Mac jotted his cell number on the back of an envelope on Gianna’s table. “You shouldn’t be walking around alone in the dark. Call me if you ever need to go and don’t have a ride.”

She smiled, but her eyes were sad. She turned to Stella. “You have hit the mother lode, girlfriend. He is definitely not just a pretty face.”

Mac laughed. “I only have my Harley right now. So you’d have to ride on the back of that.”

“Seriously?” Her eyes brightened. “That’d be so awesome.”

“Anytime.” Mac wondered what would have become of him if Lee hadn’t straightened his ass out. Would he be dead or homeless?

“I wish I wasn’t so . . .” Gianna’s fist curled around the edge of the blanket. “Helpless.”

“Everybody needs help now and then. There’s no honor in going it alone.” A lesson Mac had learned the hard way. He pushed the piece of paper toward her. “Put my number in your phone. No more walking alone at night.”

She took the number, picked up her cell, and input his number with her thumbs. “Thank you.”

His phone chimed with a text. Mac’s screen read:
Gianna :)

“We need to go. Lock up behind us before you fall asleep.” Stella led the way outside. They waited to hear the deadbolt turn in the lock before walking back to the car.

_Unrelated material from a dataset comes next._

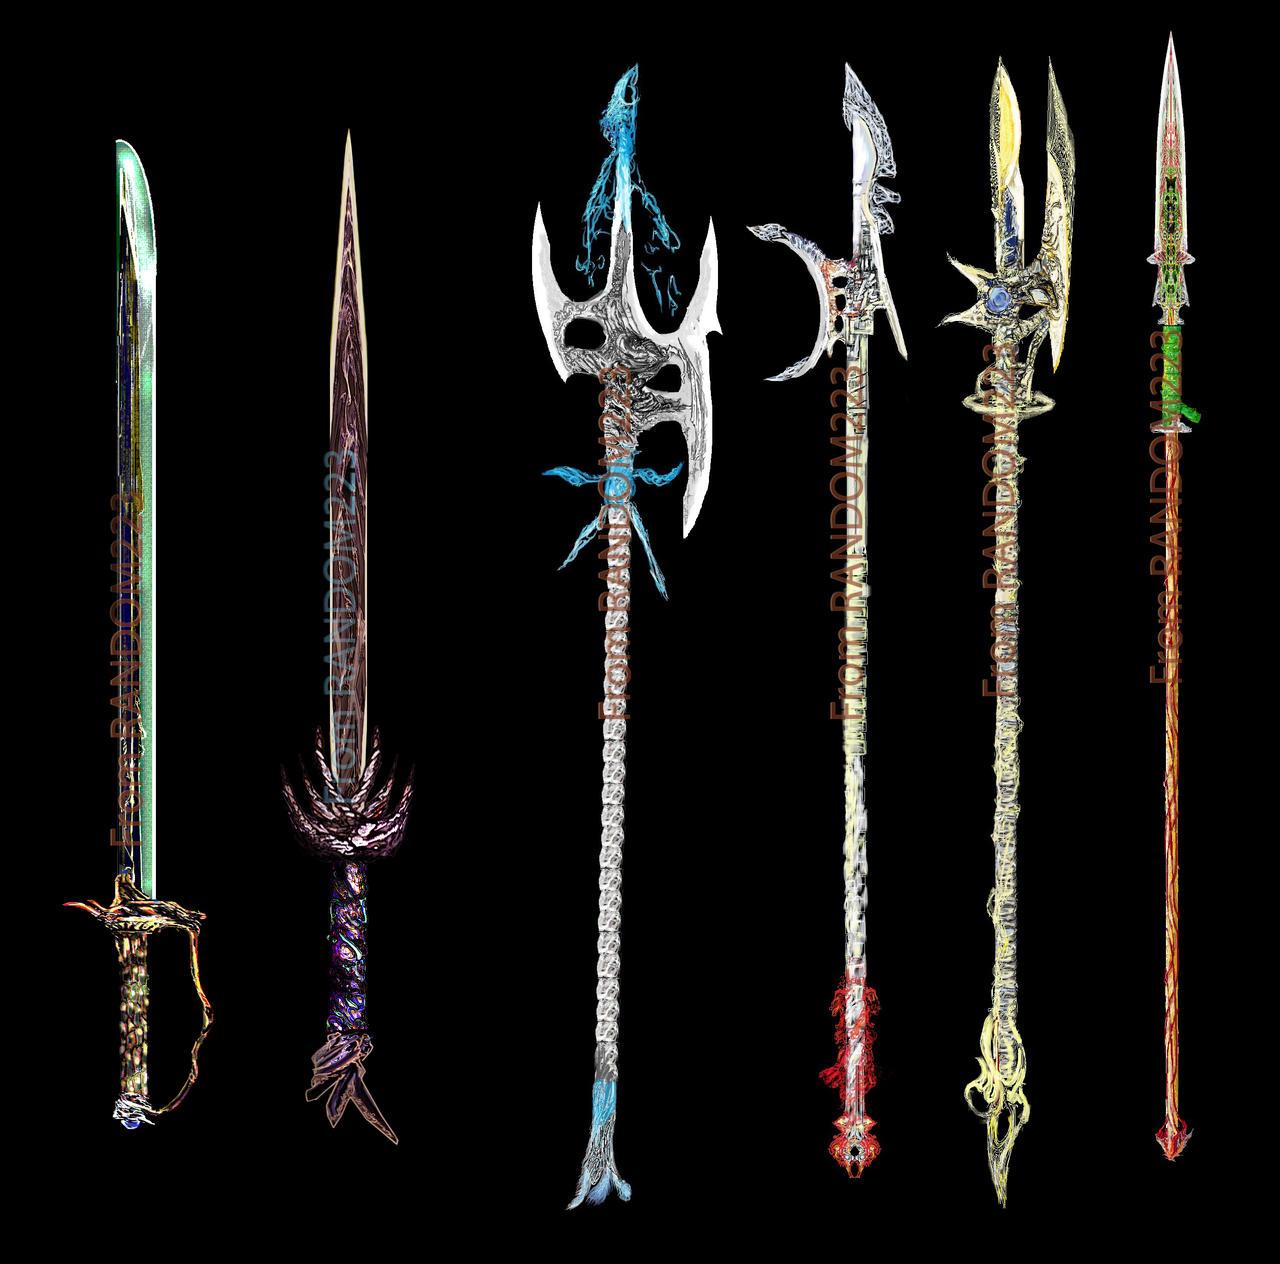 Weaponry 354 by Random223

“How long has she been waiting for a kidney?” he asked.

“Probably only six months, but to her it seems like forever. Dialysis is miserable.” Stella glanced back at the apartment building.

“Can we go interrogate Adam Miller now?” Mac wanted to see this guy, badly.

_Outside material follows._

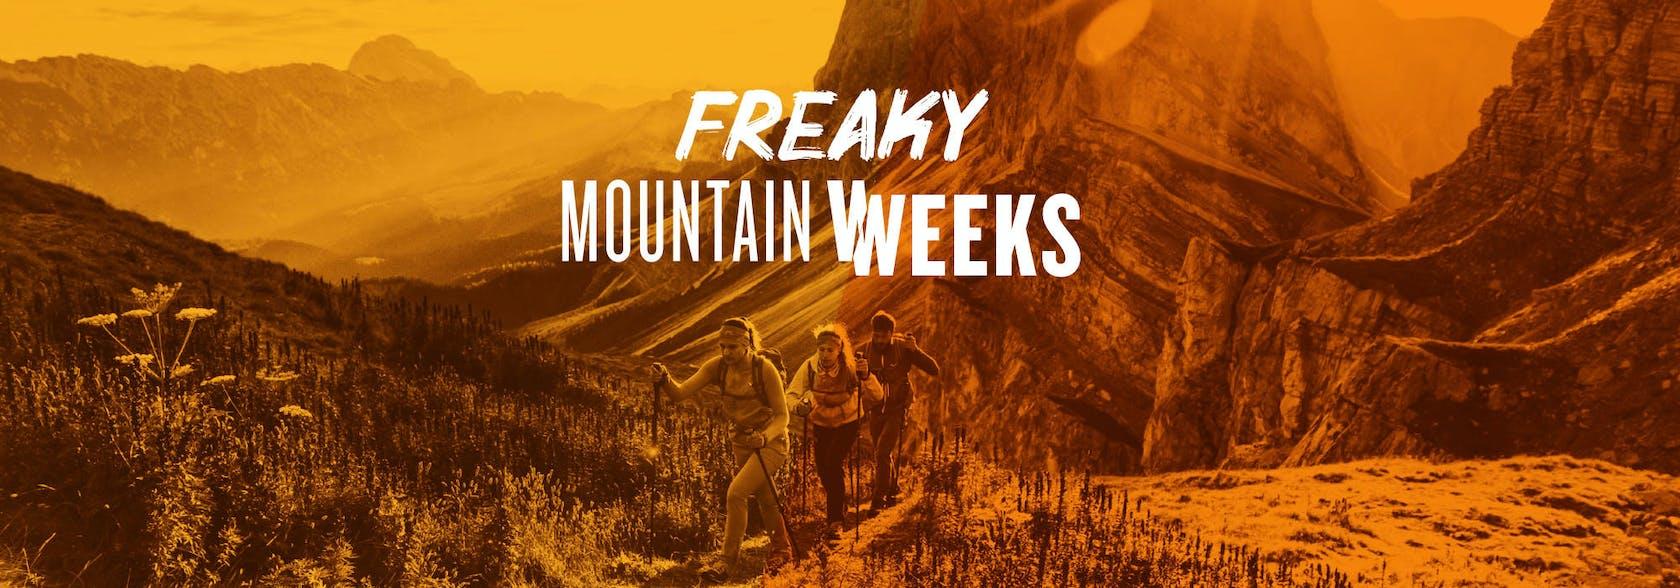 Freaky Mountain Weeks SORTLER

“Oh, yes.” Stella slid behind the wheel and turned the key in the ignition. “It’s time.”

Mac opened the file on Dena Miller and checked Stella’s notes. “If he had something to do with his wife’s disappearance, why would he call the police?”

“Hard to explain his wife’s sudden absence.” Stella pulled out onto the street.

Mac looked up from the file and caught Stella’s glare. “Or he wants you to find her for him.”

Her brows shot toward her hairline. “That would be particularly devious.”

“It would,” Mac agreed. “No chance she ran?”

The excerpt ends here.